Since it is similar in shape to a huarache (but smaller), and is made of the same corn as the sope and is even thicker (so it has more resistance to humid foods), Mexican street vendors decided to sell it adding toppings on it, as an alternative to the sope. However, the traditional tlacoyo is supposed to be consumed without any toppings on it, and this form is mostly found as street food.

===Garnacha===
Garnachas are small corn tortillas fried with shredded meat, crumbled dried cheese, and salsa. In many instances, garnachas may only have chopped onion and salsa on top. Similar in appearance to sopes, they are a main specialty from Guatemala.

===Memela===
Oaxacan memelas are a local name for the identical sopes served in other parts of Mexico, just made with different toppings. Memelas are corn masa cakes topped with beans, salsa, shredded cabbage, mole negro, guacamole, and cheese. Memelas have been served at Oaxacan/Mexican restaurants in the United States since the 1990s. In Puebla, they are often served by topping the fried masa with sauce—red sauce on one side and green sauce on the other side, called estilo bandera. Instead of meat, memelas in Puebla are served with sour cream, crumbled cheese, and diced onions on top of the red and green sauces.

===Chalupa===
A chalupa is a tostada platter in Mexican cuisine, not a sope, but its preparation method is quite similar. It is a specialty of south-central Mexico, such as the states of Puebla, Guerrero, and Oaxaca. It is made by pressing a thin layer of masa dough around the outside of a small mold and deep frying to produce a crisp, shallow corn cup. It is filled with various ingredients such as shredded chicken, pork, chopped onion, chipotle pepper, red salsa, and green salsa.

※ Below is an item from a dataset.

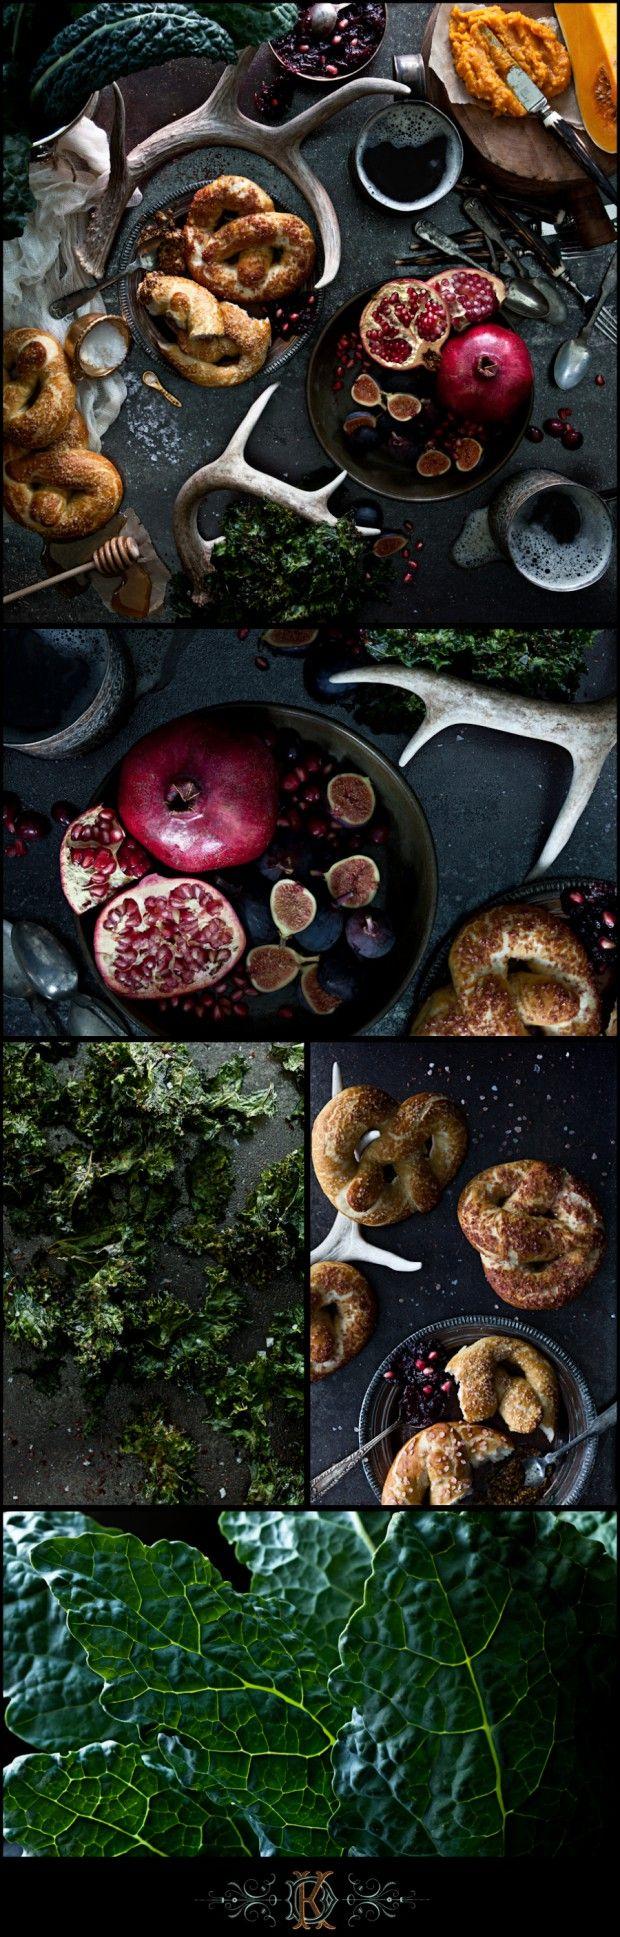 My Fall Still Life food styling work with photog Kimberly Davis

The chalupa is usually longer than a sope, resembling the canoe-like boat that is its namesake, although small versions (named chalupitas) are available in other regions. An Americanized form is sold in Taco Bell restaurants, filled with ground meat, steak, or chicken, and topped with cheese, lettuce, sour cream, and salsa, resembling an American taco inside, but wrapped with deep-fried wheat flatbread.

===Salbutes and panuchos===
Yucatecan food is very different from what is traditionally referred to as "Mexican" food, as the cuisine from this region, primarily Belize, includes the local Mayan culture combined with an unusual (for the rest of the country) European cuisine influence.

Salbutes are similar to sopes but are thinner, coloured and flavoured with recado rojo (achiote), and fried until crispy. Fillings may include beans, tomato, lettuce, avocado, or a meat, topped with a salsa. The word salbute comes from Yucatec Maya sáal meaning "light", and buut meaning "stuffed".

Panuchos feature tortillas partially fried as a sope base, but filled with black beans and topped with turkey or chicken, lettuce, avocado, and pickled onions. Habanero chiles accompany most dishes, either in solid or puréed form, along with fresh limes or lime juice.